I own some land up the road, with six cabins my father had built back in the sixties and seventies. I live in the first cabin, the one I helped him build myself in 1968. The other five I rent out to tourists in the summer, hunters in the fall, and snowmobilers in the winter. Spring is the off-season in Paradise, a time to clean out the cabins and wait for the snow to melt.

There was a time when spring meant something else, the four years I was catching in the minor leagues. A lifetime ago. I didn’t think about those days much anymore. A lot of time had passed since then, and a lot of things had happened. Eight years as a police officer in Detroit. A dead partner and a bullet still inside my chest. And then fifteen years up here in Paradise, spending nights like this one watching baseball on television and not even thinking about the days when I played the game myself. I certainly wasn’t thinking about Randy Wilkins, a left-hander I had caught back in triple-A ball in 1971. When he opened the door and stepped into the place and shouted my name, I couldn’t believe it was really him.

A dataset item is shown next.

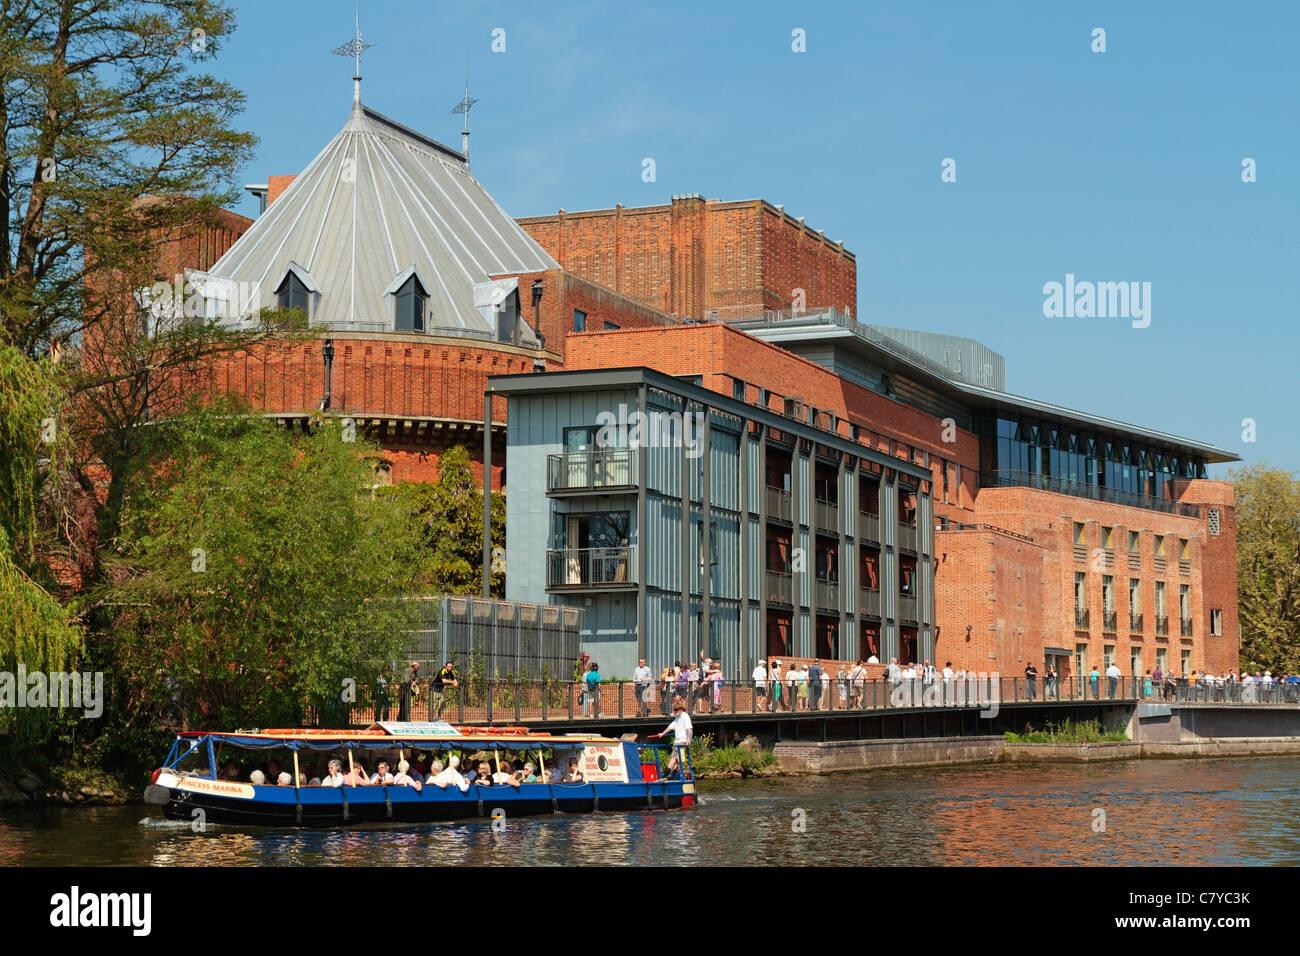 Royal Shakespeare Theatre, River Avon, Stratford-upon-avon, Warwickshire, England, United Kingdom Stock Photo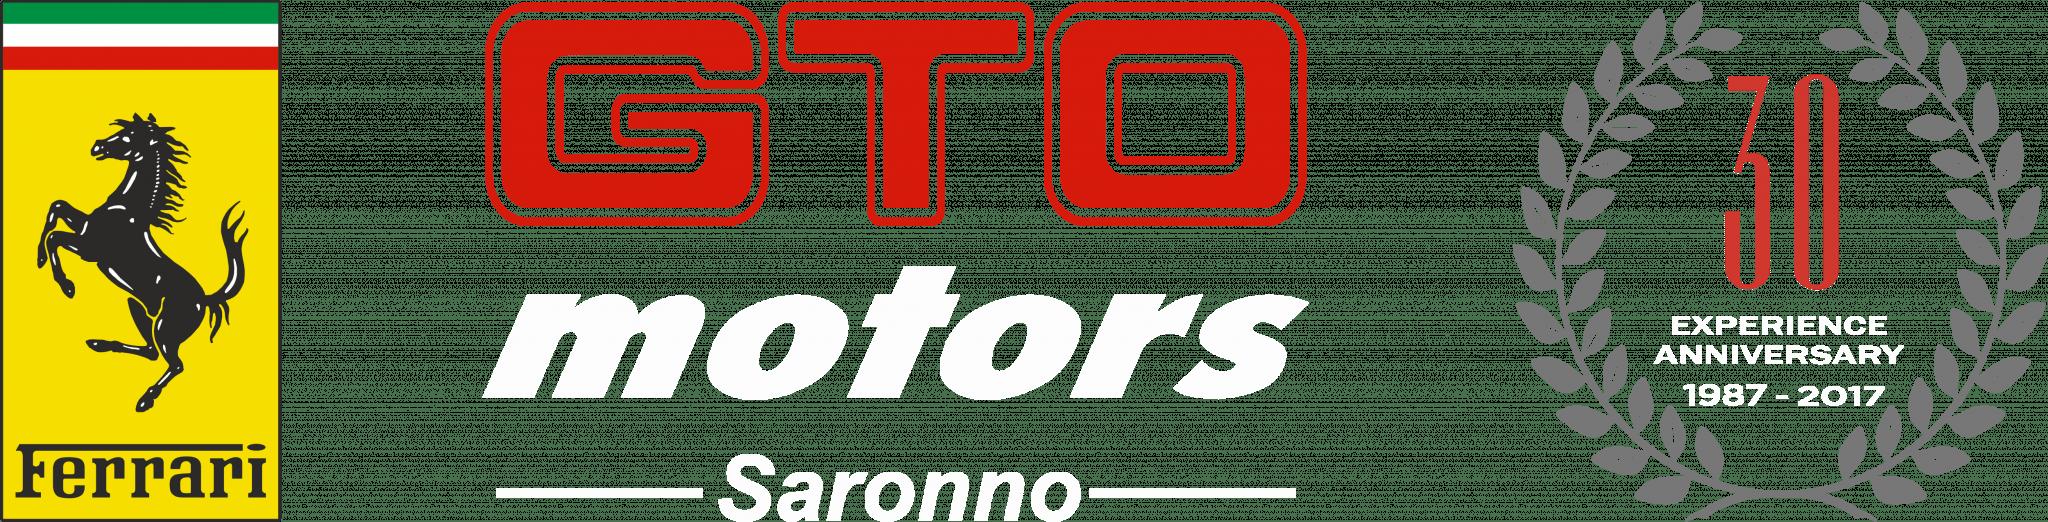 GTO motors

If the Pope himself had come through the door wearing his big hat, I wouldn’t have been more surprised.

Almost thirty years later, the left-hander had found me.

CHAPTER 2

“Wilkins,” I said. “Randy Wilkins. I don’t believe it.” He looked about twenty pounds heavier, and the curly black hair he’d once had was mostly gone. What was left was cut close to his scalp. As if to compensate for the loss, he had grown a mustache and goatee.